Je suis assise sur mon lit, dans ma chambre. Je me lève précipitamment et inspecte mon environnement : tout est à sa place. Ma respiration s'emballe tandis que mes yeux s'embuent.

Je suis revenue chez moi.

La petite pièce est plongée dans la pénombre de la nuit, et la chaleur ne me paraît plus aussi écrasante que d'habitude. Au contraire, il fait presque frais. J'inspecte mes habits tachés et déchirés, encore marqués par mes récentes escapades. Je dénoue le sweat de mes hanches, frictionnant machinalement le tissu en treillis. Les larmes menacent une nouvelle fois de couler alors que je repense au volcan, aux bois de cerf, au marais, et au lézard dans la lave... Je suis encore vivante, et je ne m'explique pas ce miracle. Me souvenant subitement de ma blessure à l'épaule, je lâche le pull qui tombe au sol, et inspecte ma peau avec appréhension. Mes doigts rencontrent le contact râpeux d'un tissu. Je me dévisse la tête pour tenter de regarder, parvenant à voir le reflet blanc d'un bandage entourant proprement mon épaule. J'appuie un peu dessus, déclenchant une sensation douloureuse d'une probable plaie en dessous.

-Aïe... Je marmonne.

Ma voix me parvient comme un écho, ce qui me surprend. Je lance un regard timide à la pièce, cherchant la source de la distorsion... Mais n'en vois aucune.

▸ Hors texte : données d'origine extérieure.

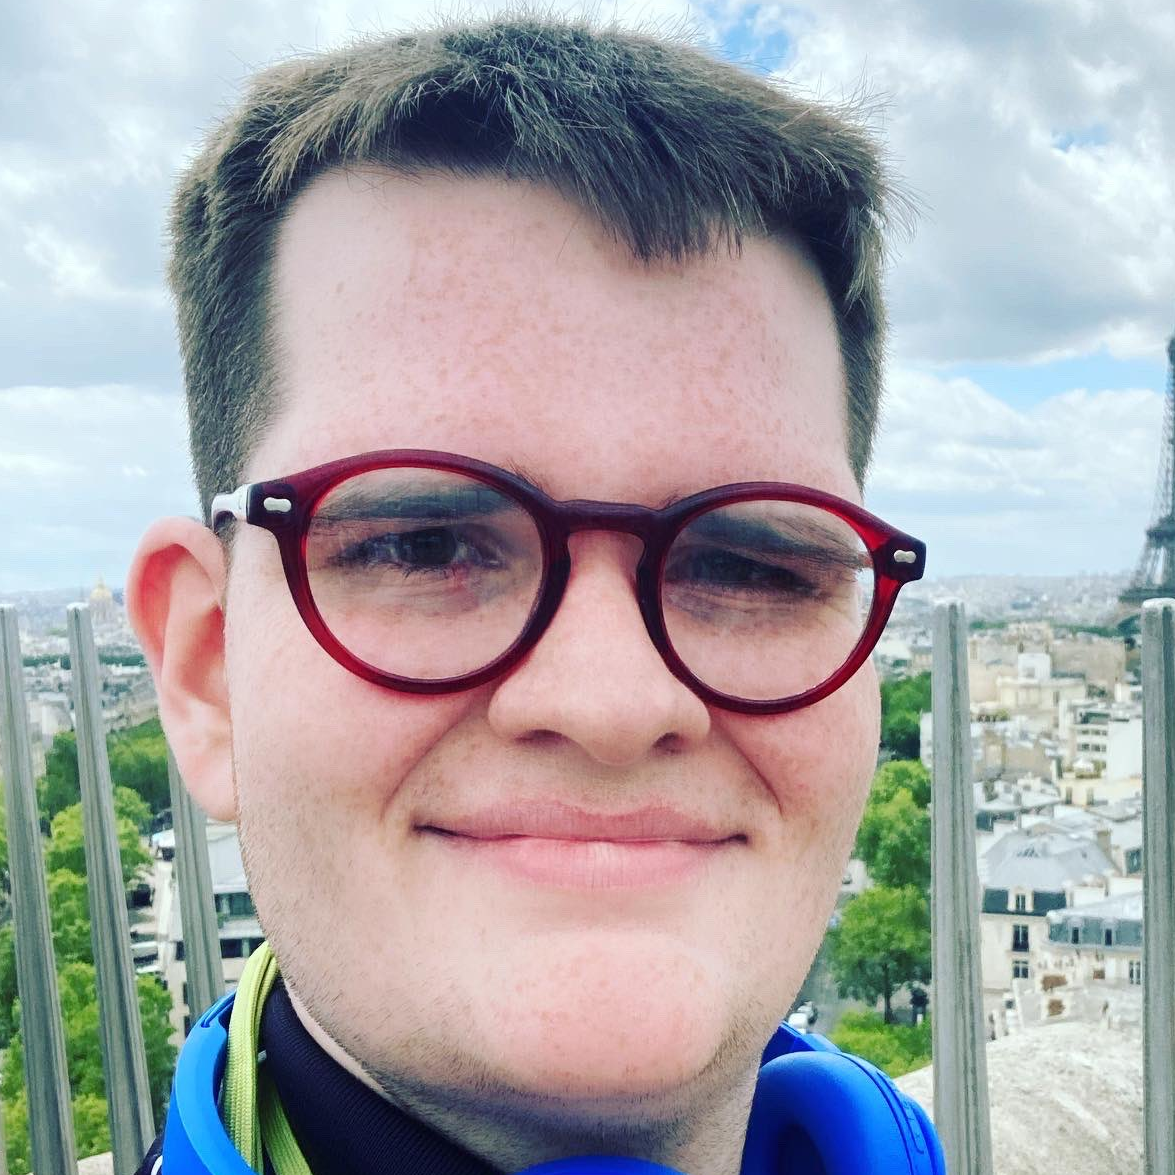 Headshot of young man with pale skin, brown hair, and wearing red glasses and blue headsets around his neck. He is standing in front of the Eiffel Tower.

-Nous avons fait ce que nous avons pu, résonne une voix féminine.

Je sursaute violemment en me retournant vers la silhouette sombre tapie dans l'ombre de ma chambre. Le soubresaut me déclenche une décharge dans l'épaule, et je grimace.

Assise sur une chaise près de la porte d'entrée, je reconnais Héria à sa chevelure noire aux reflets verts. Les coudes posés sur ses genoux et les mains jointes, elle est courbée vers l'avant, regardant le sol.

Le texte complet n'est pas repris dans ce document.